Even HD 7850 is a huge overkill for 





> 5. 19 Inch Samsung LED Screen


Go for slightly lower HD 7790 and upgrade monitor


----------



## Thetrueblueviking (Jun 1, 2013)

Nerevarine said:


> Even HD 7850 is a huge overkill for
> Go for slightly lower HD 7790



I am not sure if you would be saying that in a couple of years.



Ashish1@1 said:


> What u have given me is Cool
> but i am on a strict budget of 15K
> Ps. will these cards support my graphics card ??



All those cool things are reliable and you couldn't go wrong with either. 

I would suggest either of the last two options if you re tight on budget.

Go with 7850 if you want overclocking head room or take the 660 for better stock performance.

For psu - get at least Seasonic s12 520 W or Corsair GS 600.


----------



## topgear (Jun 2, 2013)

for 15K budget get Asus GTX 650 Ti Boost DCII OC Ed. at 12k and a Corsair CX430v2/Seasonic Eco 400/ SS 400 ES at 2.5k/2.75k and at 3k respectively.


----------



## ankush28 (Jun 2, 2013)

+1 for 650ti its awsem.


----------



## saswat23 (Jun 2, 2013)

Where is GTX-650Ti boost available?


----------



## satirthacool (Jun 2, 2013)

GTX-650Ti is a better option than HD 7850 now.


----------



## cyborg47 (Jun 2, 2013)

saswat23 said:


> Where is GTX-650Ti boost available?



Flipkart? I was checking those yesterday.

ZOTAC NVIDIA GeForce GTX 650 Ti Boost 2 GB GDDR5 Graphics Card - ZOTAC: Flipkart.com

Asus NVIDIA GeForce GTX 650 TI 1 GB GDDR5 Graphics Card - Asus: Flipkart.com


----------



## Ashish1@1 (Jun 2, 2013)

I am going up for (choose the best)
gygabyte GIGABYTE GV-N660OC-2GD GIGABYTE Ultra Durable VGA Series Graphics Card
and 
ZOTAC NVIDIA GeForce GTX 650 Ti Boost 2 GB GDDR5 Graphics Card
and Seasonic Eco 400 
So which one should i take 
kindly choose any one of them.... am ready to order them from flipkart


----------



## cyborg47 (Jun 3, 2013)

Its just a 1k price difference, go for 660!


----------



## vickybat (Jun 3, 2013)

Fantastic pricing. Man i think i've been living under a rock.
I was honestly shocked by looking at the respective pricing of 650-ti boost and 660. 

They were 2k more than their current pricing, the last time i checked. Gpu performance at budget prices are now way way cooler than before.

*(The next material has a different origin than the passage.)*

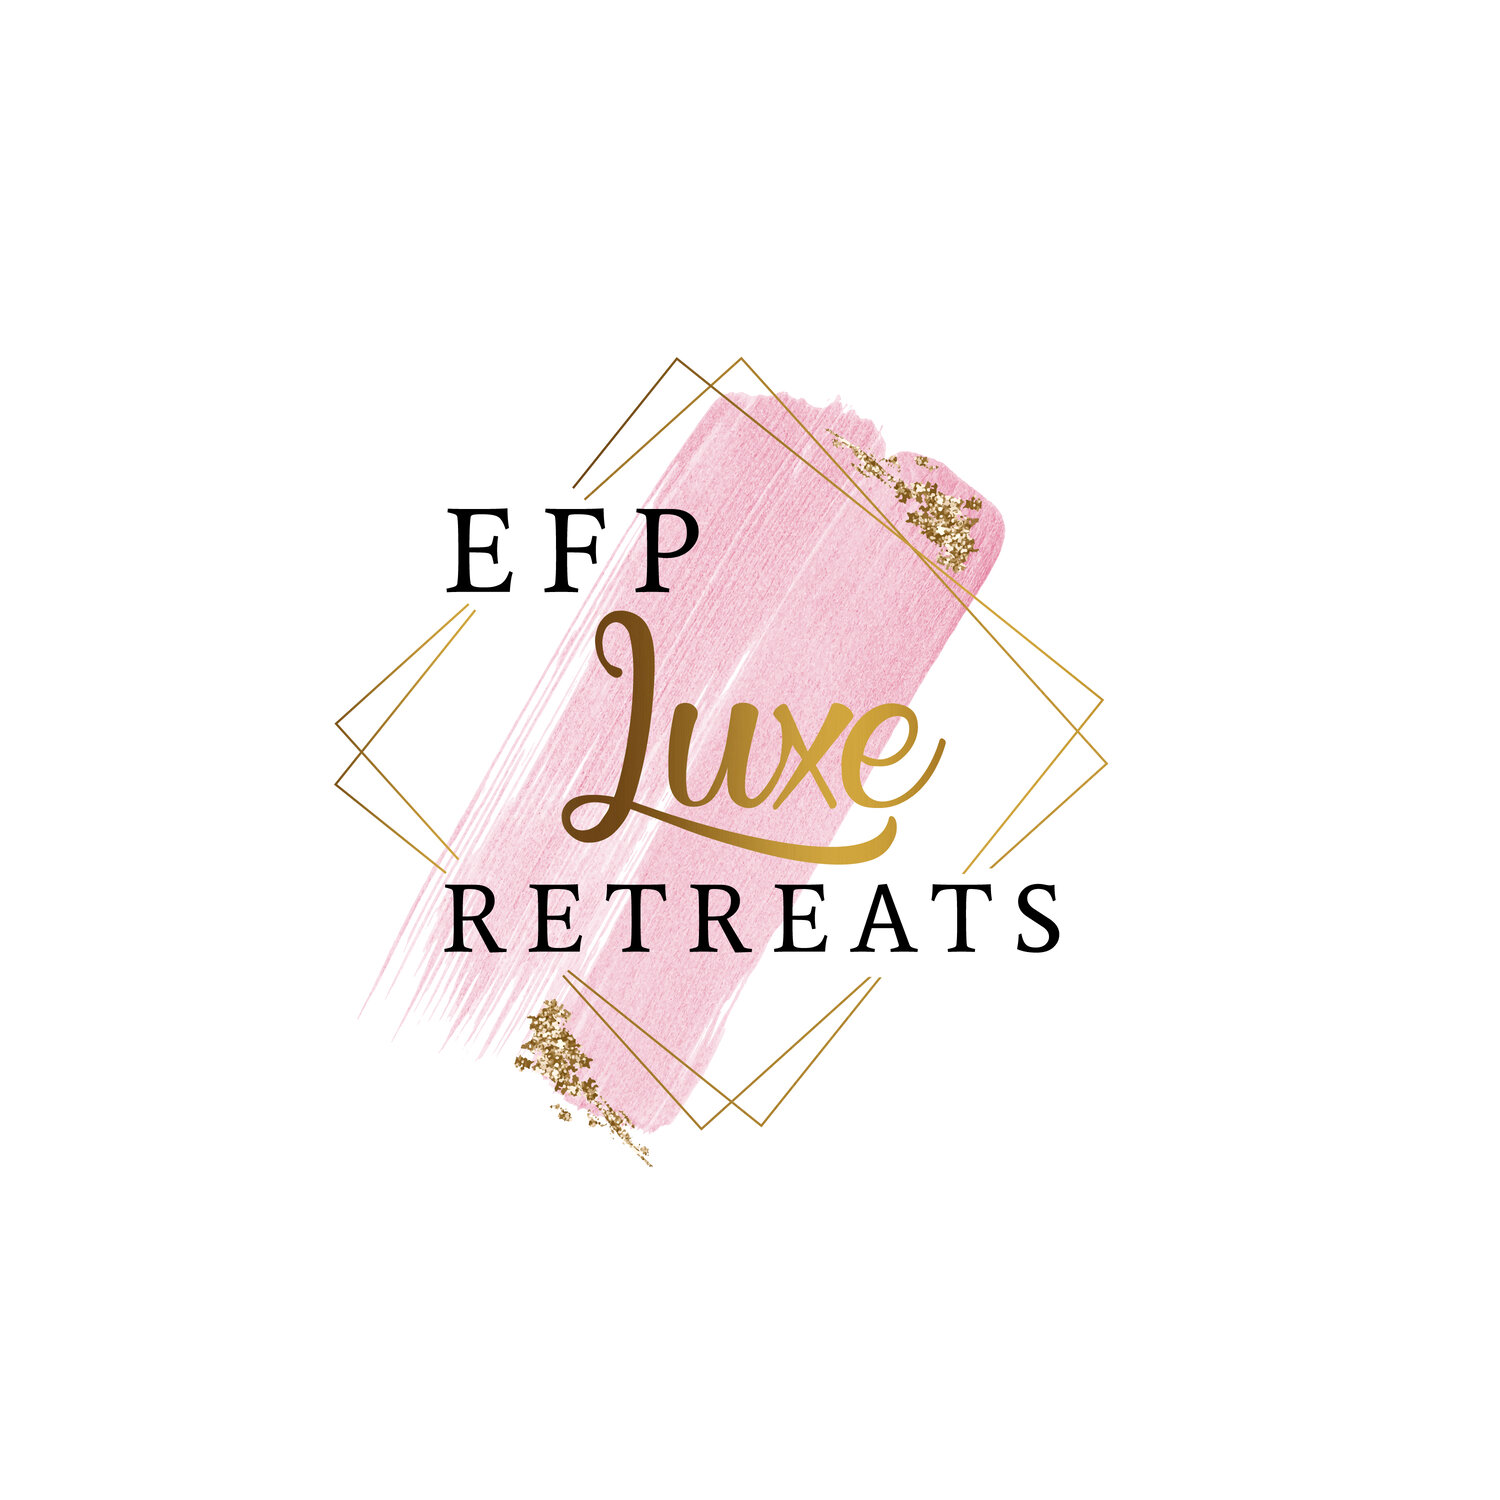 EFP Luxe Retreats

Op, grab the gtx 660. You won't get a better card at 13k pricing for sure.


----------



## cyborg47 (Jun 3, 2013)

vickybat said:


> Fantastic pricing. Man i think i've been living under a rock.
> I was honestly shocked by looking at the respective pricing of 650-ti boost and 660.
> 
> They were 2k more than their current pricing, the last time i checked. Gpu performance at budget prices are now way way cooler than before.
> ...



I might get the 650ti next week, my older card has gone kaput!


----------



## topgear (Jun 3, 2013)

Ashish1@1 said:


> I am going up for (choose the best)
> gygabyte GIGABYTE *GV-N660OC-2GD* GIGABYTE Ultra Durable VGA Series Graphics Card
> and
> ZOTAC NVIDIA GeForce GTX 650 Ti Boost 2 GB GDDR5 Graphics Card
> ...



it's indeed a great deal but make sure about their after sales service first .. ask the seller who privides RMA service for this graphic card.


----------



## vickybat (Jun 3, 2013)

Another two fantastic cards for the price.

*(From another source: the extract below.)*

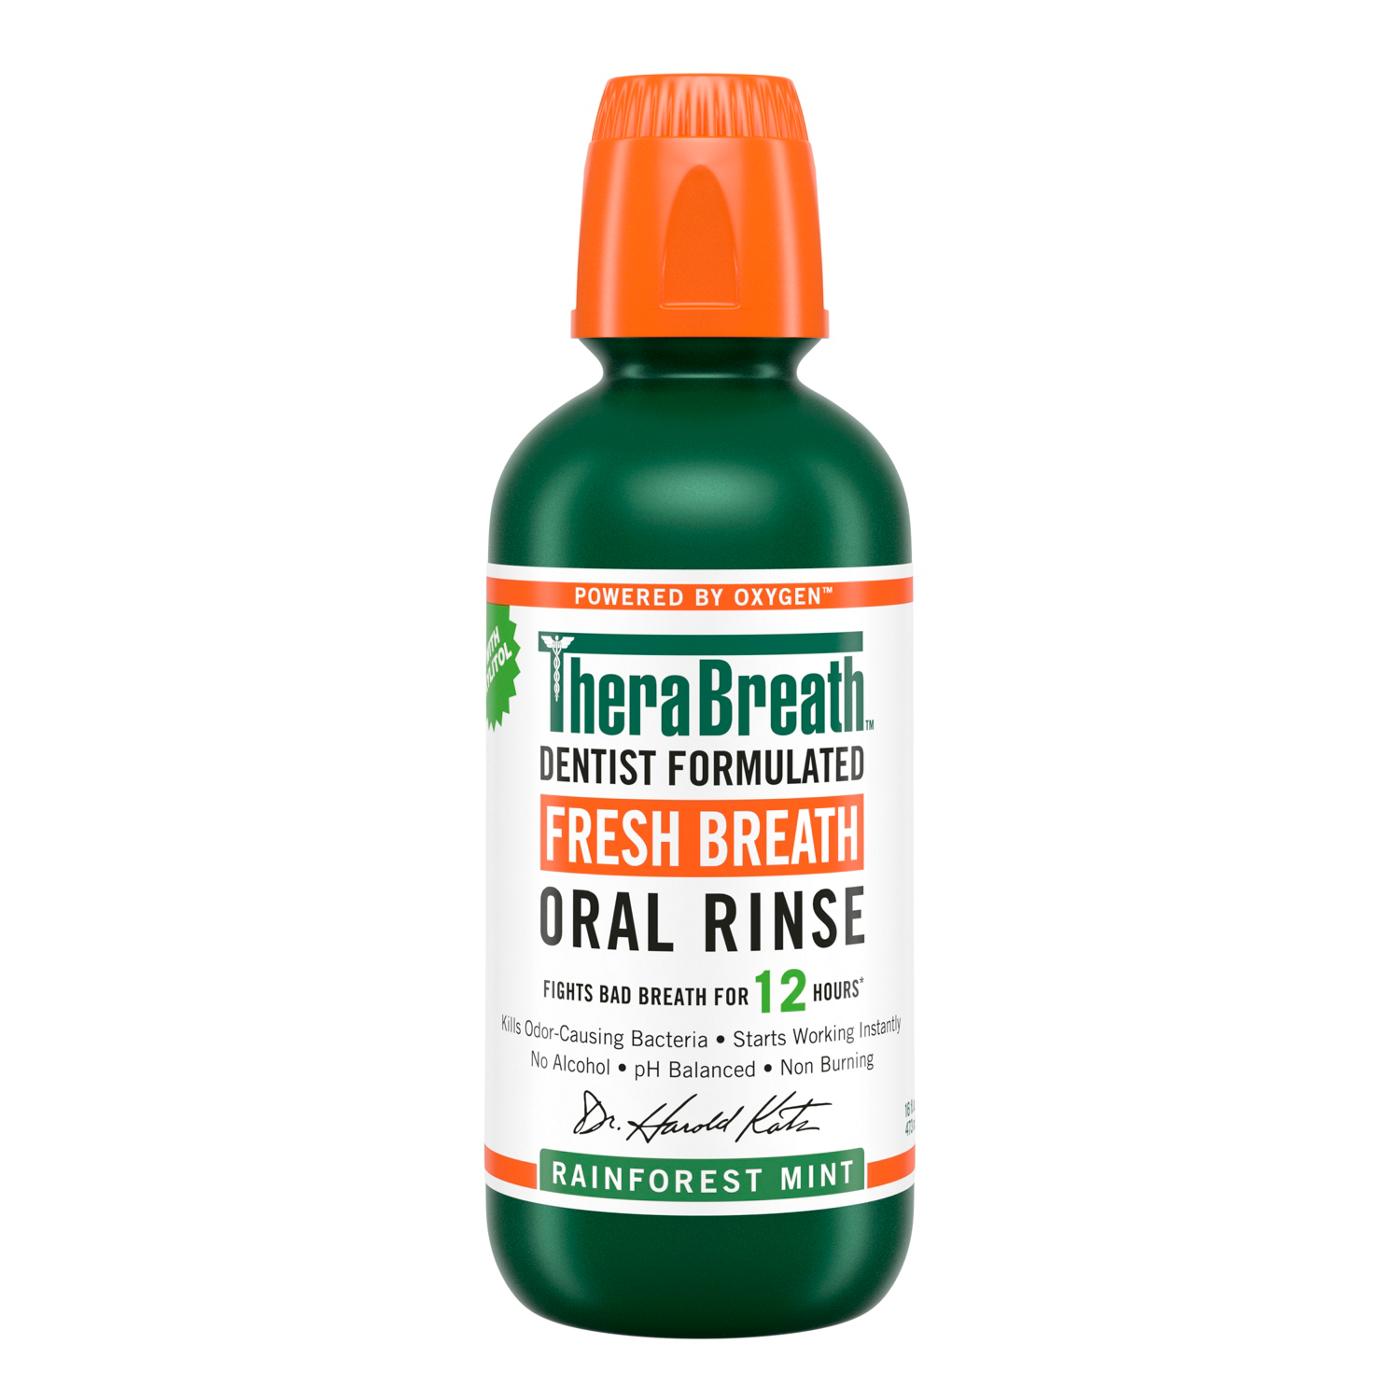 TheraBreath Fresh Breath Oral Rinse Rainforest Mint; image 1 of 6

MSI N650Ti-2GD5/OC BE NVIDIA - GeForce 600 Series Graphics Card

GIGABYTE GV-N65TBOC-2GD Ultra Durable 2 Series Graphic Cards

These are 650-ti boost and not 650-ti. The difference maker is the 192 bit bus, the boost sports.
These are really steal prices. The performance of a 650-ti boost is around 5% faster than a 7850 and 25-30% faster than 7790.
The models mentioned here are overclocked ones, so the deals are even sweeter imo.


----------



## cyborg47 (Jun 3, 2013)

That's a steal indeed. Which one's better, MSI or Gigabyte(my mobo's gigabyte too, if that's gonna make any difference).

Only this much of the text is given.